# Linear Regression and ANOVA shaken and stirred (Part 2)

Tue, Mar 21, 2017*Updated 2020-03-02*

# Motivation

In the first part of this entry I showed some `mtcars`

examples, where `am`

can be useful to explain ANOVA as its observations are defined as:
\[
am_i = \begin{cases}1 &\text{ if car } i \text{ is manual} \cr 0 &\text{ if car } i \text{ is automatic}\end{cases}
\]

Now I’ll show another example to continue the last example from Part 1 and I’ll move to something involving more variables.

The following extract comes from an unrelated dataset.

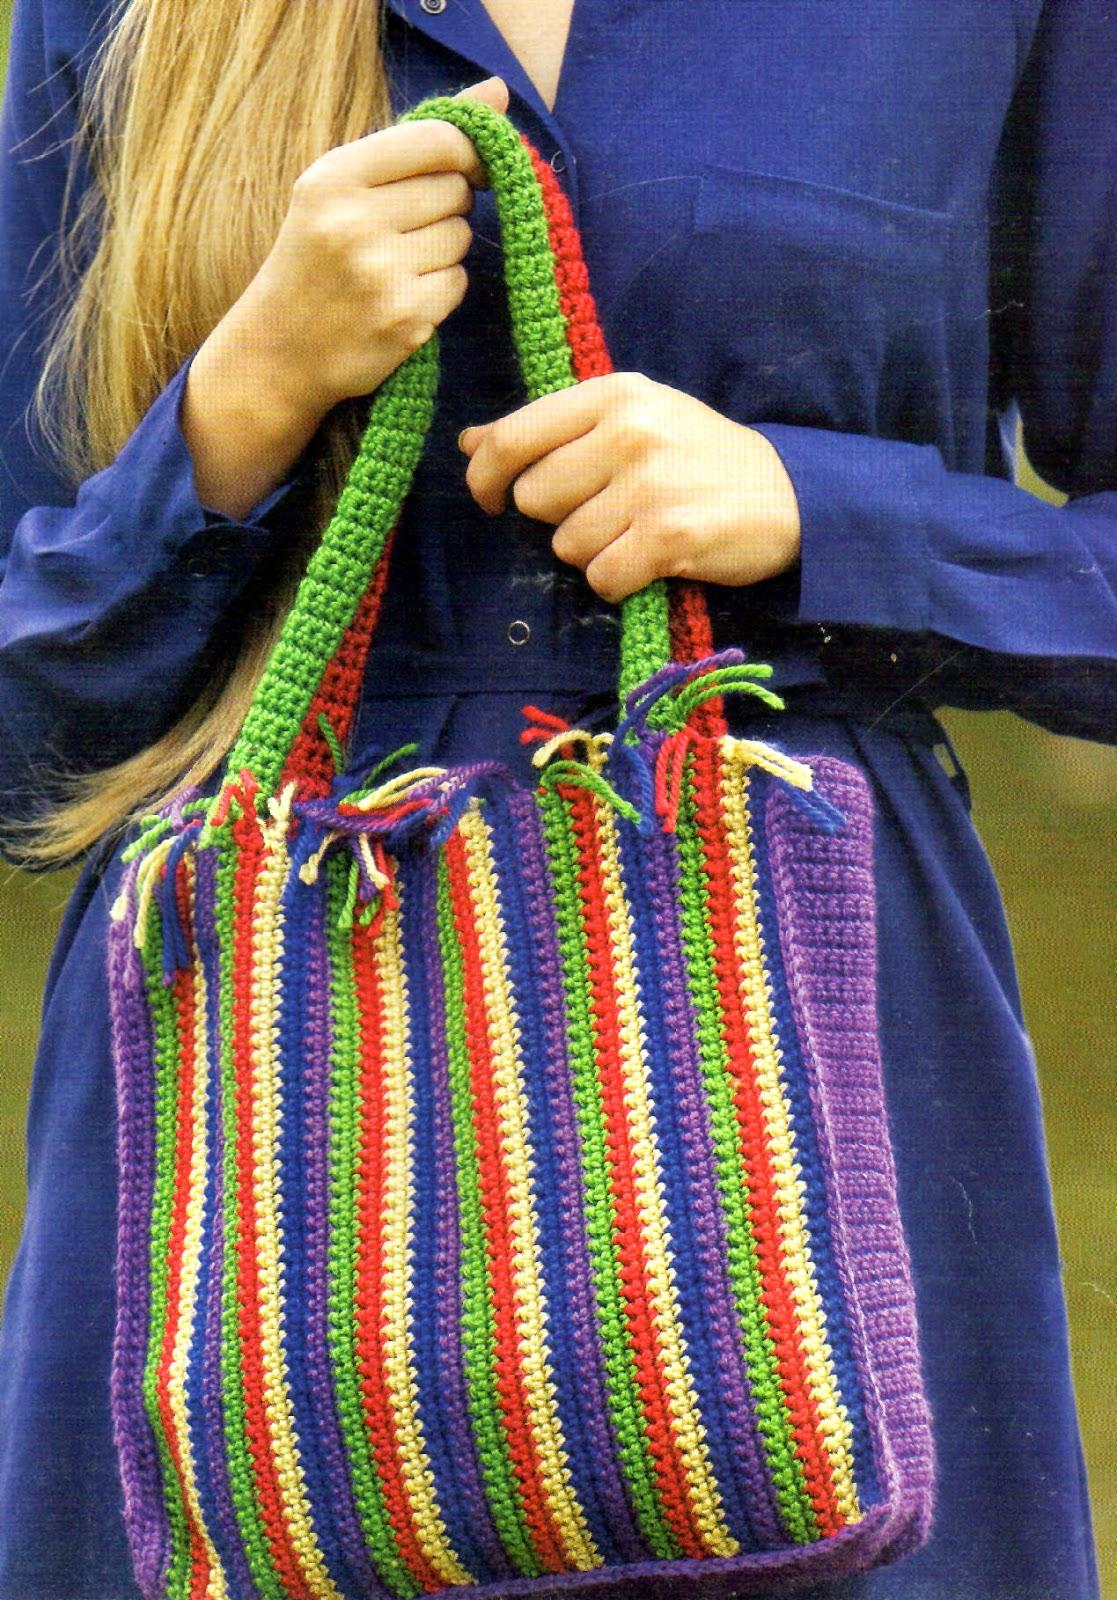 Tejidos artesanales en crochet crea un divertido bolso - Como hacer bolsos tejidos ...

# ANOVA with one dummy variable

Consider a model where the outcome is `mpg`

and the design matrix is \(\renewcommand{\vec}[1]{\boldsymbol{#1}} \newcommand{\R}{\mathbb{R}} X = (\vec{1} \: \vec{x}_2)\).

From the last entry let \[ x_2 = \begin{cases}1 &\text{ if car } i \text{ is automatic} \cr 0 &\text{ if car } i \text{ is manual}\end{cases} \]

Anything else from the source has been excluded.